MAIS TOUTES LES FAILLITES QUI N’ONT PAS EU LIEU EN 2020 RISQUENT DE DÉFERLER QUAND LES AIDES S’INTERROMPRONT ET QU’IL FAUDRA REMBOURSER LES PRÊTS ET  250 000 EMPLOIS SERAIENT AINSI DIRECTEMENT MENACÉS.

C’est d’autant plus préoccupant que les banques sont en train de durcir leurs conditions de crédit, alors qu’elles ont reçu 2 000 milliards de prêts à taux négatif de la BCE.

Le gouvernement a annoncé que les aides ne seraient supprimées que progressivement et que les PGE pourraient être remplacés par des participations en capital. Mais l’attribution de ces allégements obéira aux critères de la rentabilité financière. Les PME-TPE qui font le plus d’efforts pour l’emploi, la formation, la recherche risquent de ne pas répondre à ces critères, surtout, comme c’est souvent le cas dans les secteurs les plus dynamiques, quand elles ne disposent pas d’actifs matériels à mettre en garantie.

Les syndicalistes de la Banque de France proposent que cette institution, dans le prolongement de son action en matière de droit au compte et de médiation du crédit, ait le pouvoir d’IMPOSER L’EXERCICE D’UN DROIT AU CRÉDIT POUR LES ENTREPRISES VIABLES QUI S’ENGAGERAIENT À CRÉER DES RICHESSES EN PRIVILÉGIANT L’EMPLOI ET LES CHOIX ÉCOLOGIQUES DE PRODUCTION.

Cette exigence d’un soutien massif aux PME-TPE qui s’engagent en faveur de l’emploi et de l’écologie se heurte aux suppressions d’emplois massives dans les banques, à la dégradation des conditions de travail de leurs salariés, à la contradiction violente entre leur conscience professionnelle et les consignes venues de leurs directions et des salles de marchés.

ELLE SE HEURTE AUX 1 000 SUPPRESSIONS D’EMPLOIS ANNONCÉES À LA BANQUE DE FRANCE, particulièrement dans les succursales départementales en contact avec le public et avec les petites entreprises, qui s’apprêtent pourtant à recevoir la vague des PME-TPE menacées de faillite (déjà 1 400 % d’augmentation des sollicitations au titre de la médiation du crédit) et celle des ménages touchés par le surendettement à la suite des pertes d’emplois.

C’EST CE QUE PORTE l’appel syndical « contre 1 000 nouvelles suppressions d’emplois à la Banque de France : Halte à la saignée ! », qui a obtenu le soutien de tous les partis de gauche et de très nombreuses associations.

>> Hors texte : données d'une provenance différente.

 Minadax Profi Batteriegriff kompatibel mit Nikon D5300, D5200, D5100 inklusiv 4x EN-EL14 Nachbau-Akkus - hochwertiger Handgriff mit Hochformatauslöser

Il exige les moyens, pour notre banque centrale nationale :

  • de développer son activité au service de l’emploi et des entreprises ;
  • de développer son activité auprès des usagers en difficulté, en situation de surendettement, demandeurs d’un recours au droit au compte bancaire…
  • de garantir, conformément à la loi, la qualité et la sécurité de l’approvisionnement de tout le territoire en billets, alors que 131 suppressions d’emplois dans l’exercice de cette mission sont  annoncées ce jeudi au CSE central de la Banque de France.

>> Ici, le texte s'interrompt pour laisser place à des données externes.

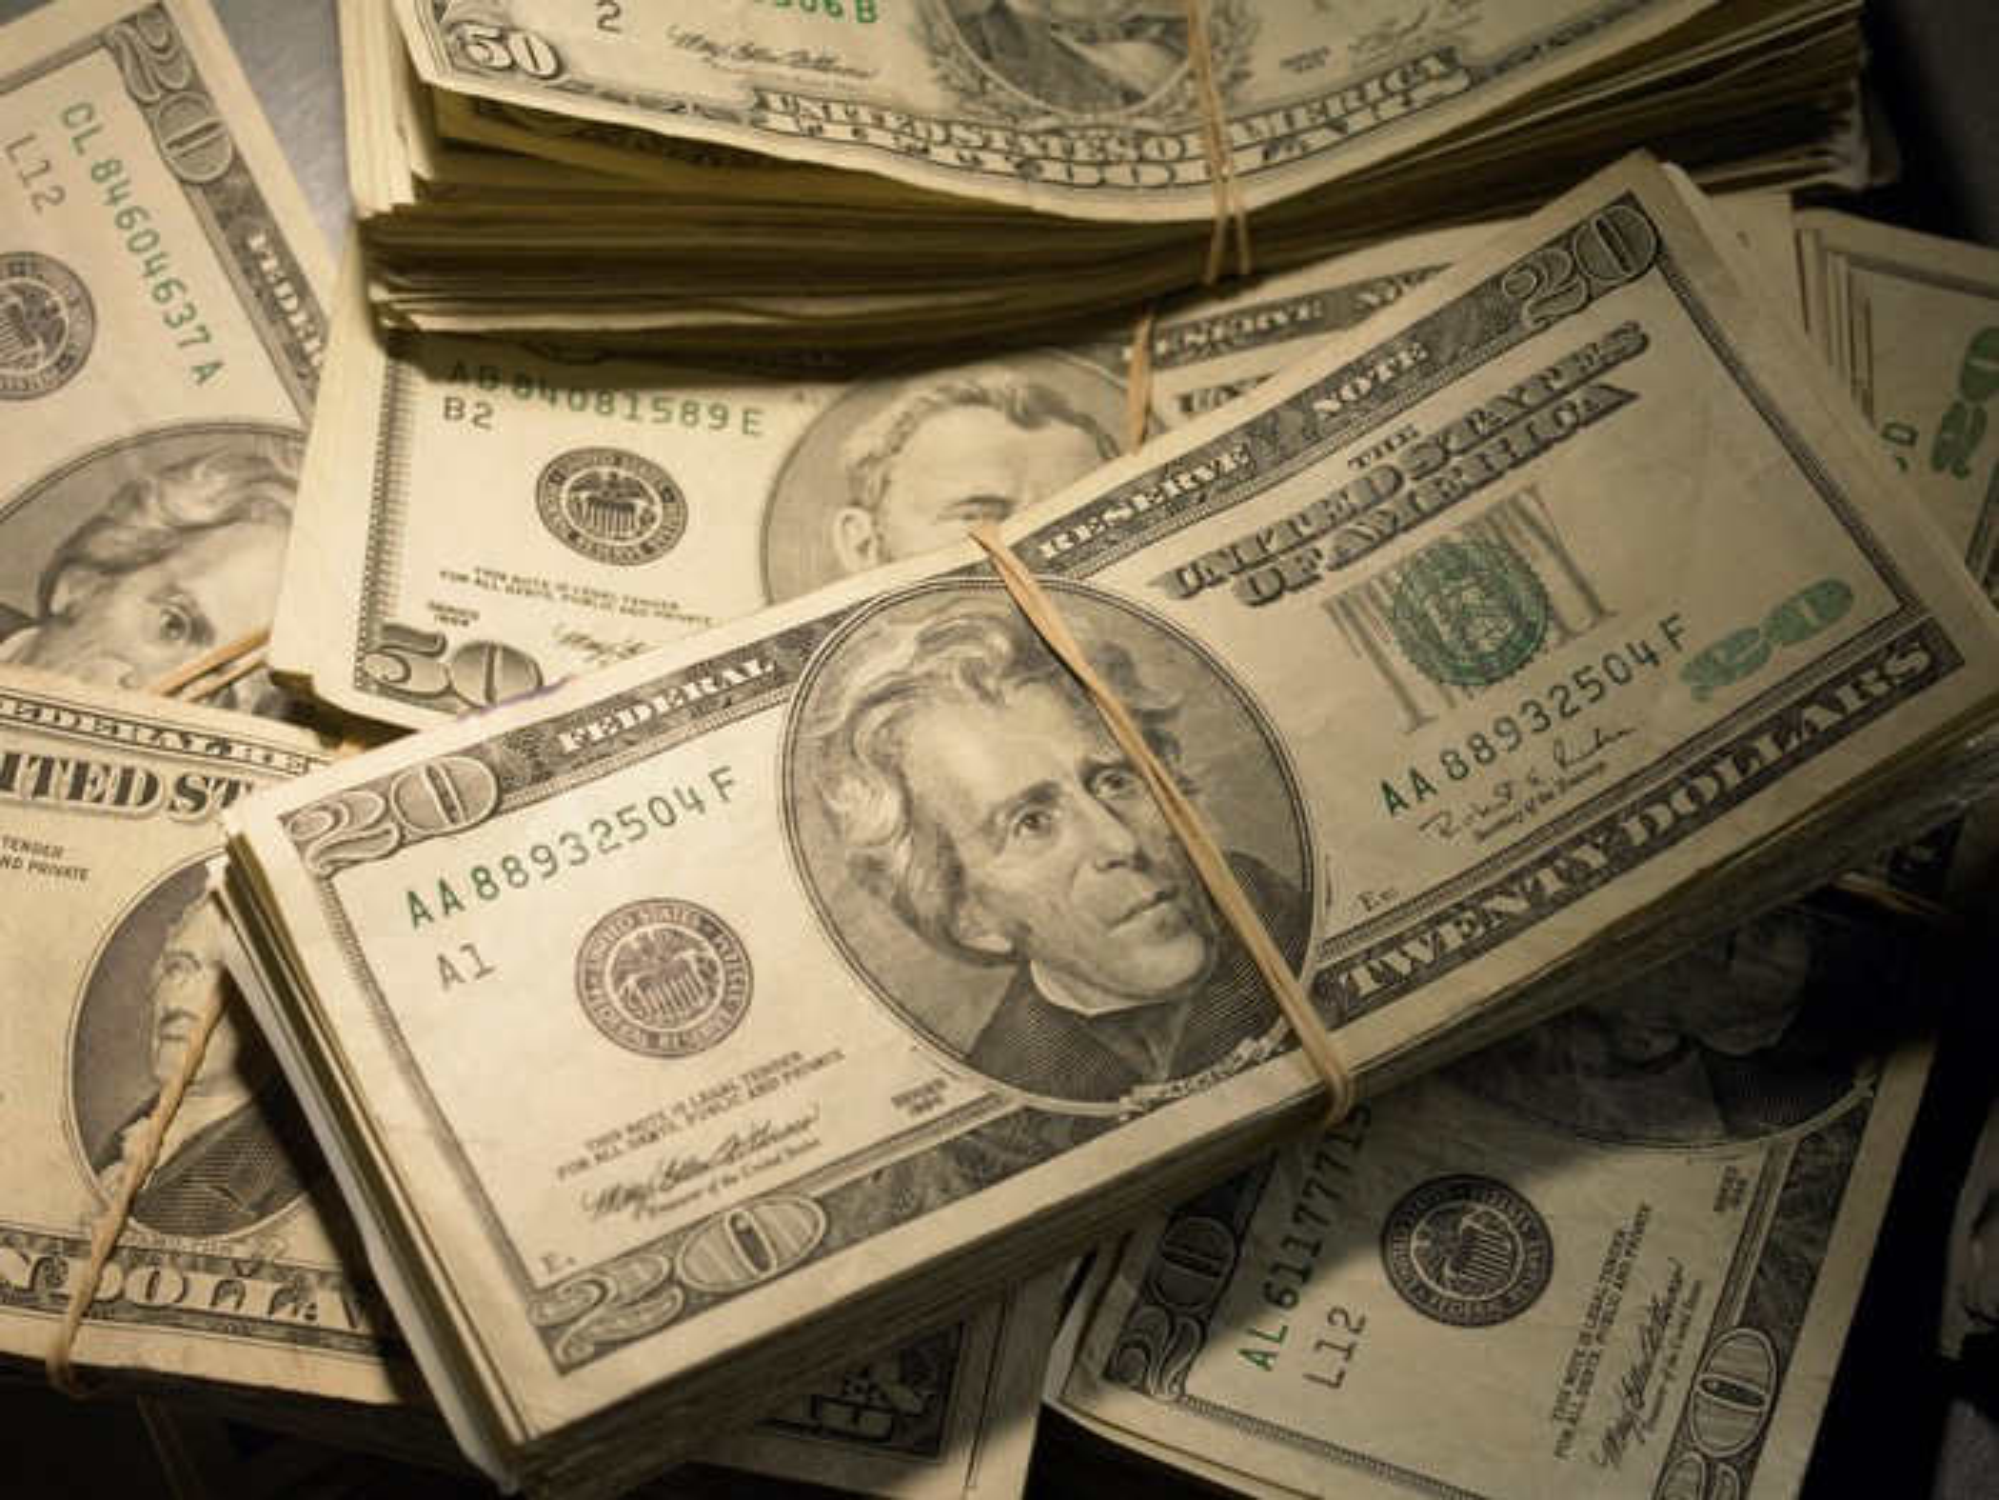 Stacks of cash.

Comme eux, nous considérons que le service public de la monnaie et du crédit exercé par la Banque de France va être vital pour sortir de la crise sanitaire et économique.

Aussi Fabien Roussel appelle TOUTES LES FORCES POLITIQUES, TOUTES LES ORGANISATIONS QUI ONT SIGNÉ CET APPEL à se rencontrer dans les prochains jours pour décider d’initiatives communes pour interpeler gouvernement et direction de la Banque de France.